**Material for the task**
┌──
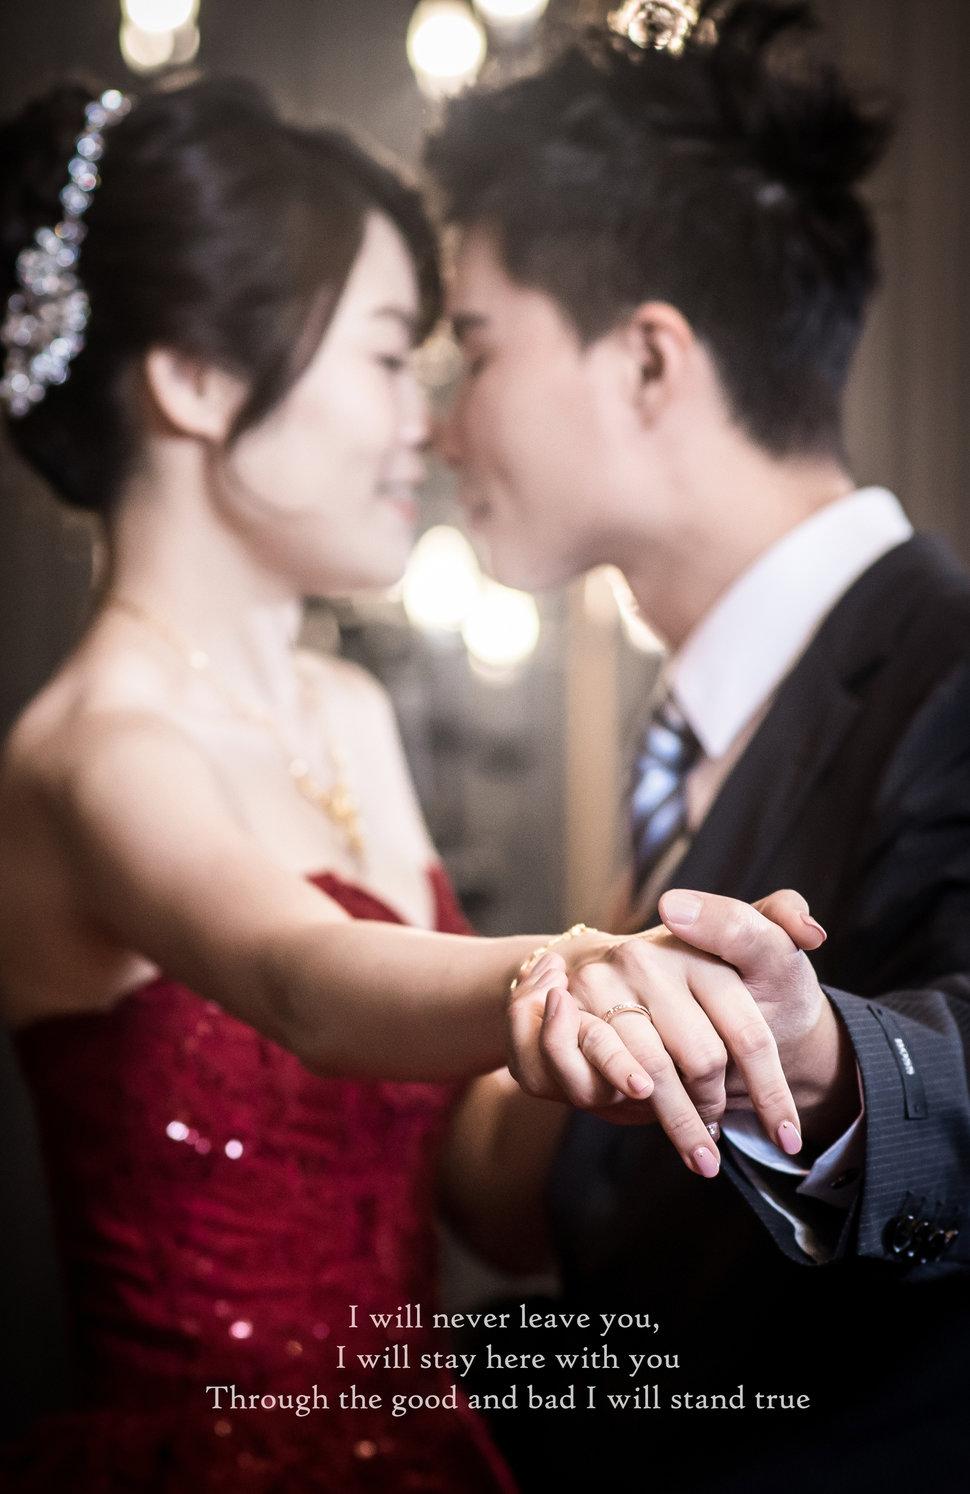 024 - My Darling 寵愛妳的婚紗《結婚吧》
└──
┌──
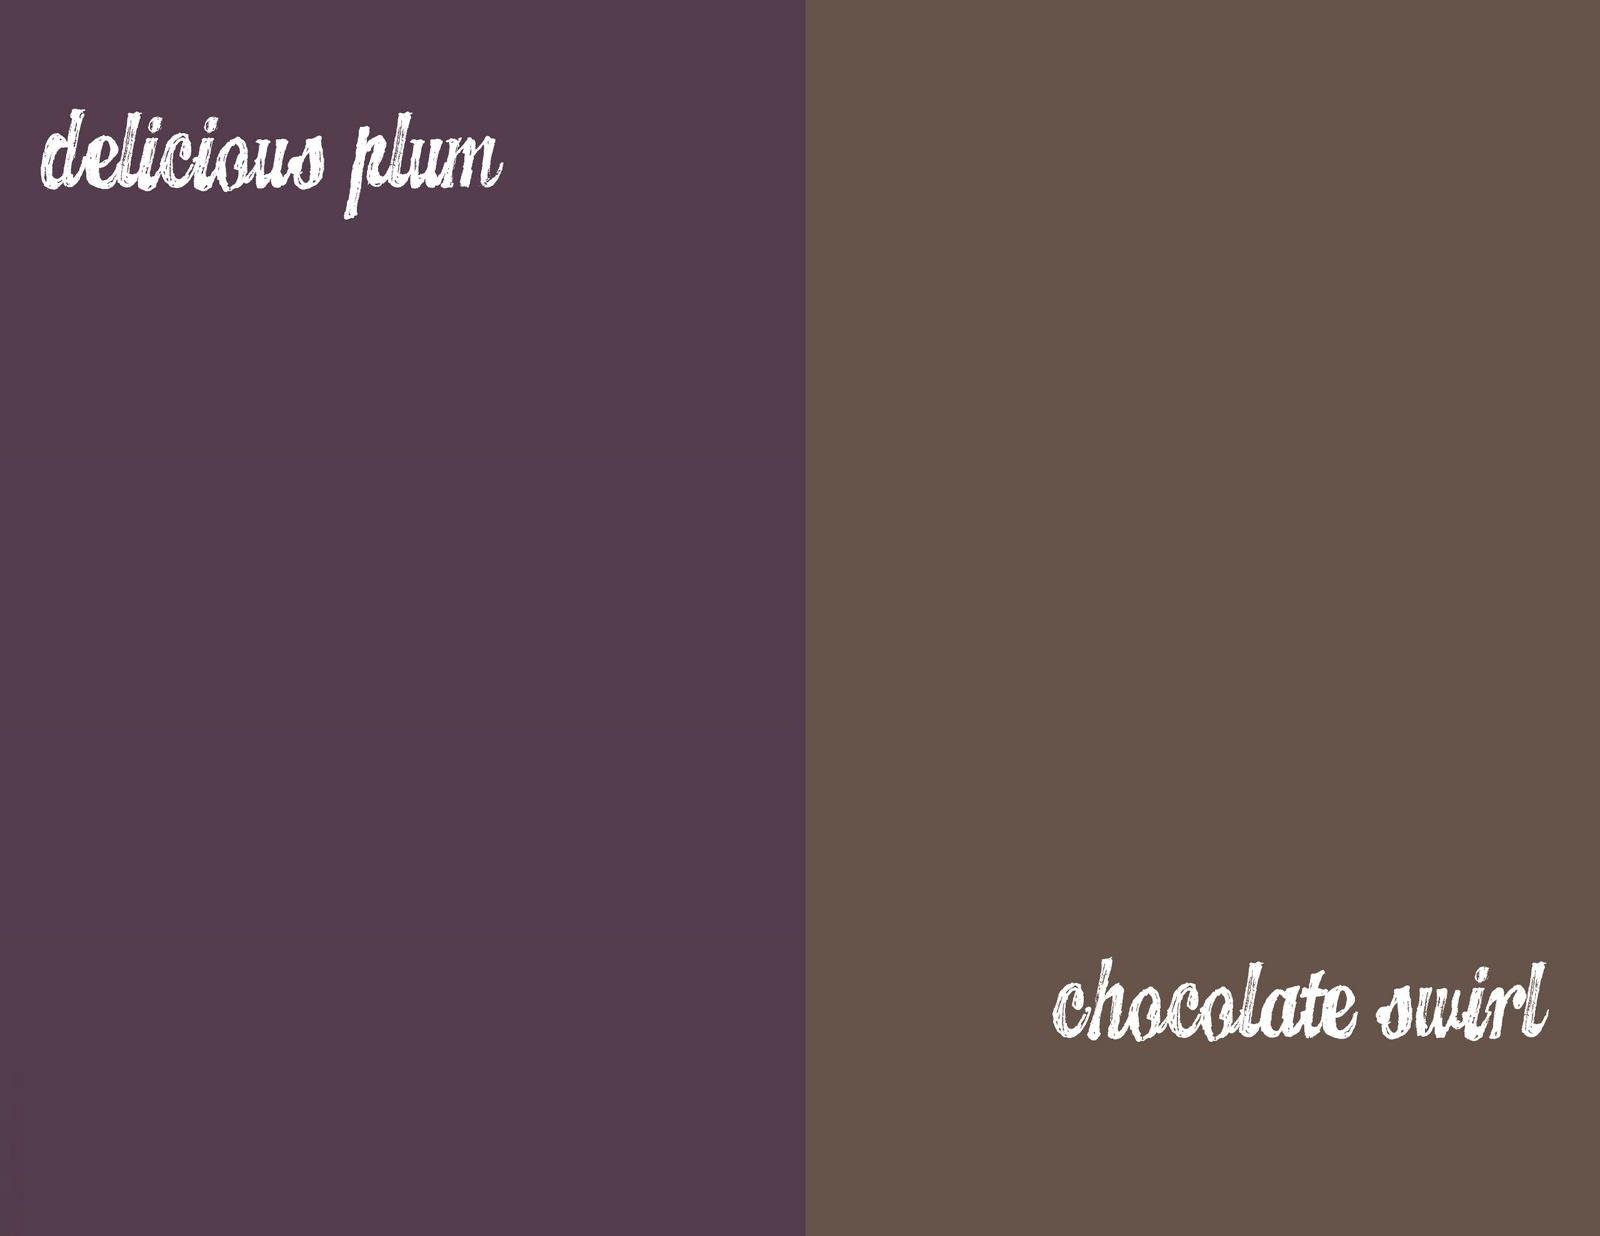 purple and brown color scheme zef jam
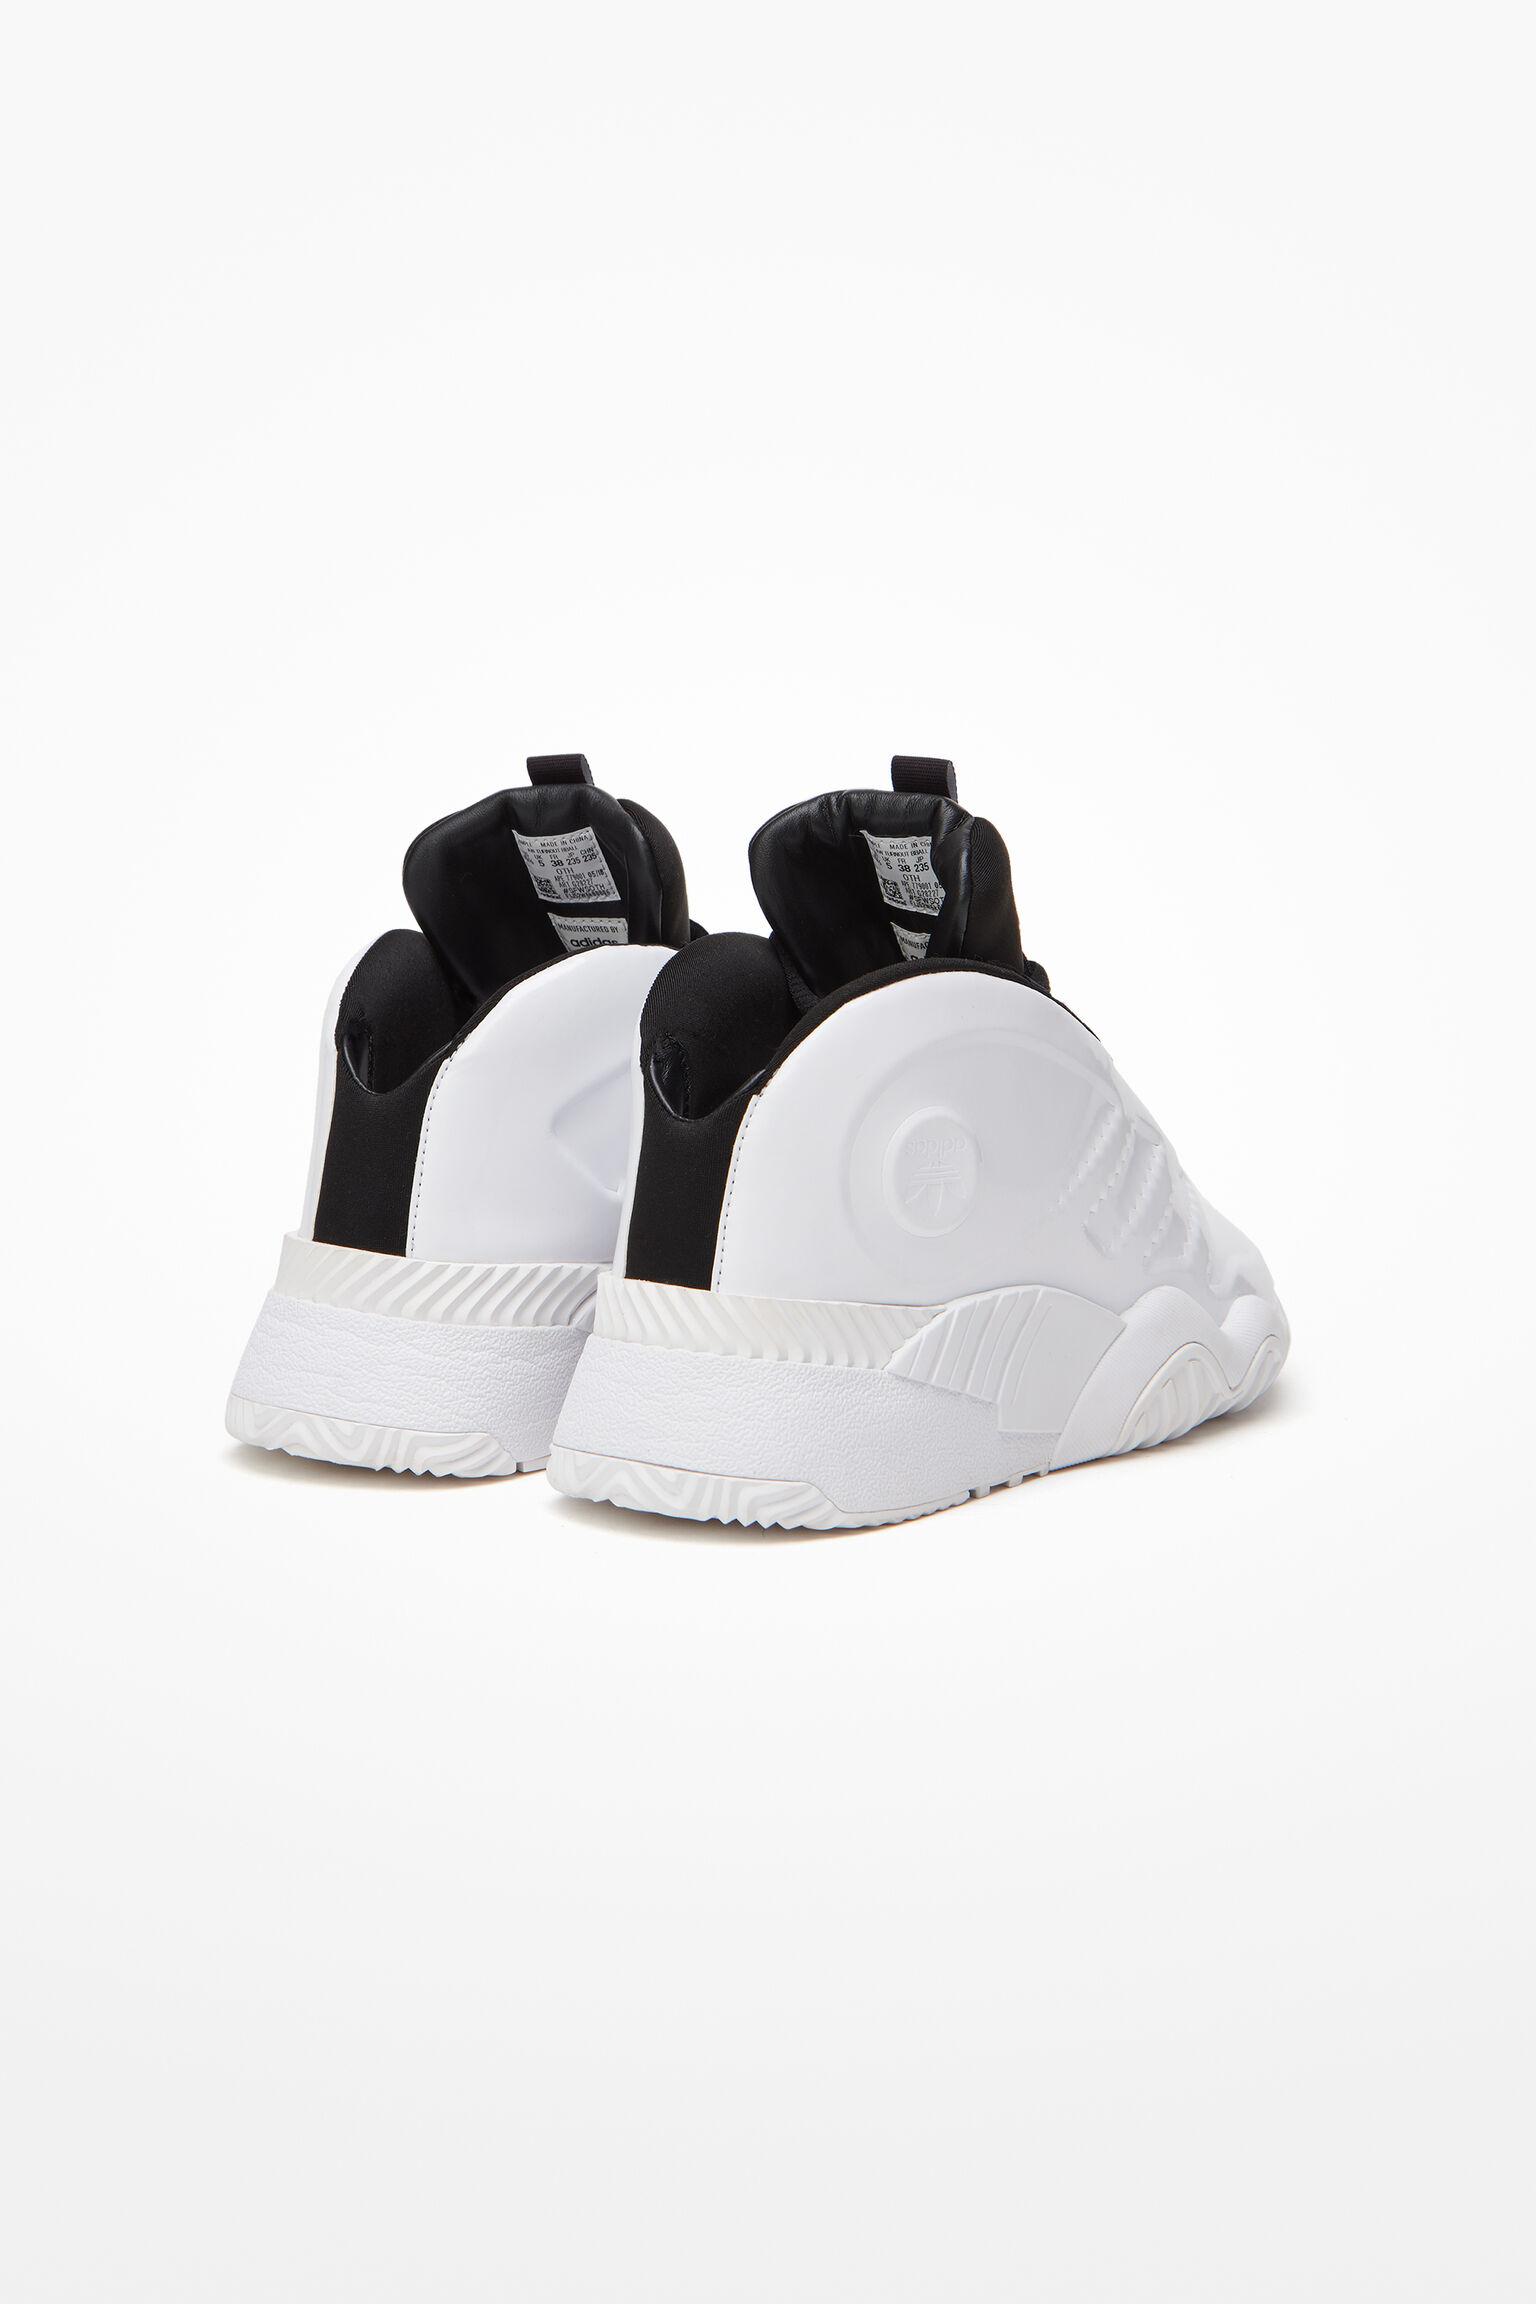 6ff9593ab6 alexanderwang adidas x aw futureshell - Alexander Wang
└──
┌──
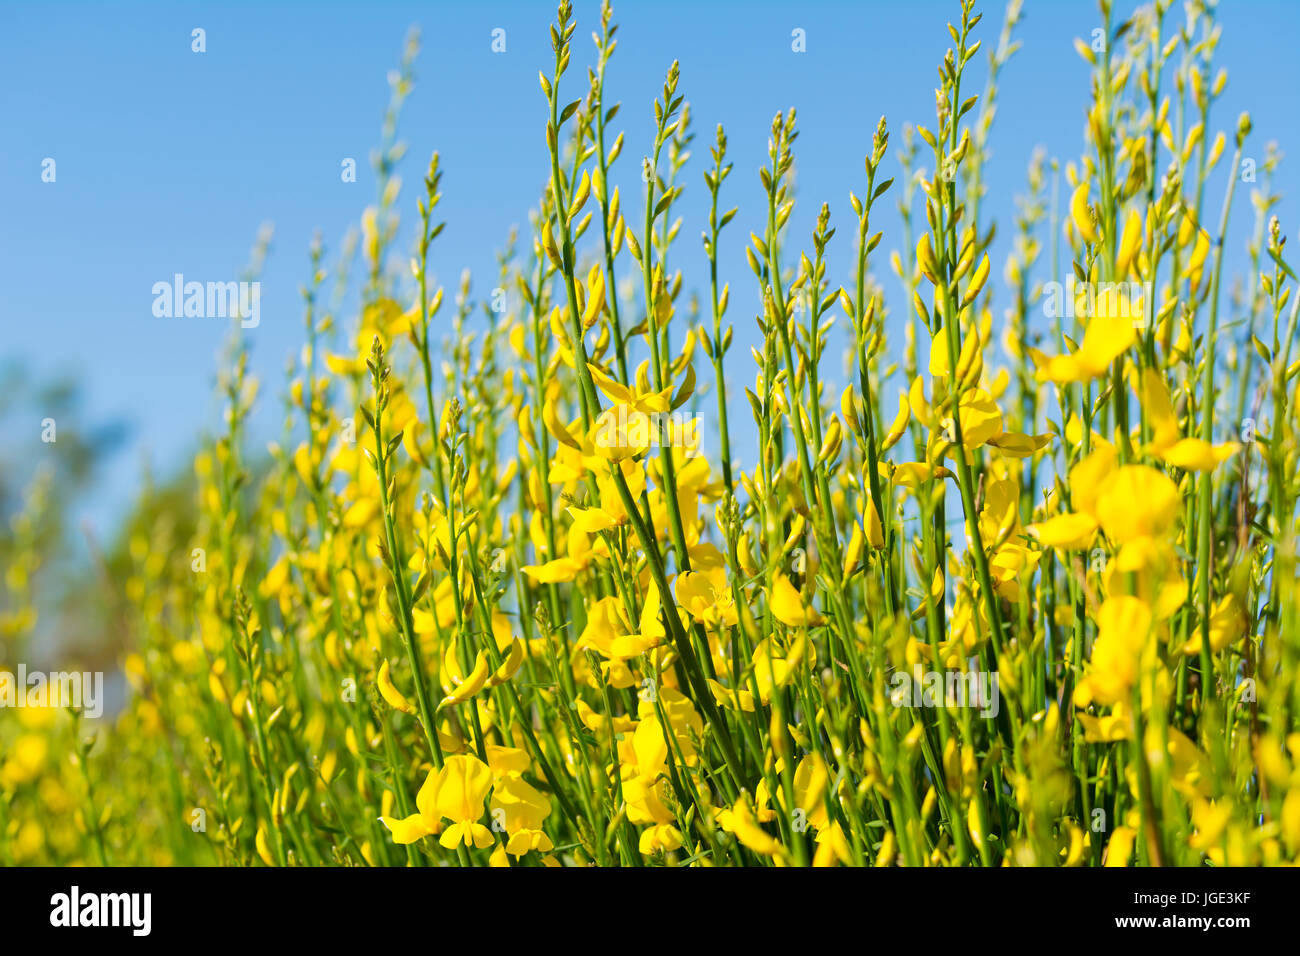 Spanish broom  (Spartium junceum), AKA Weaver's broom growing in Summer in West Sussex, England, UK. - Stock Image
└──
**Exercise requirements**
What you write out is the stretch of entries from the line containing "purple and brown color scheme zef jam" to the line containing "6ff9593ab6 alexanderwang adidas", word for word, with both end lines and no pictures.

**Response**
 purple and brown color scheme zef jam
 6ff9593ab6 alexanderwang adidas x aw futureshell - Alexander Wang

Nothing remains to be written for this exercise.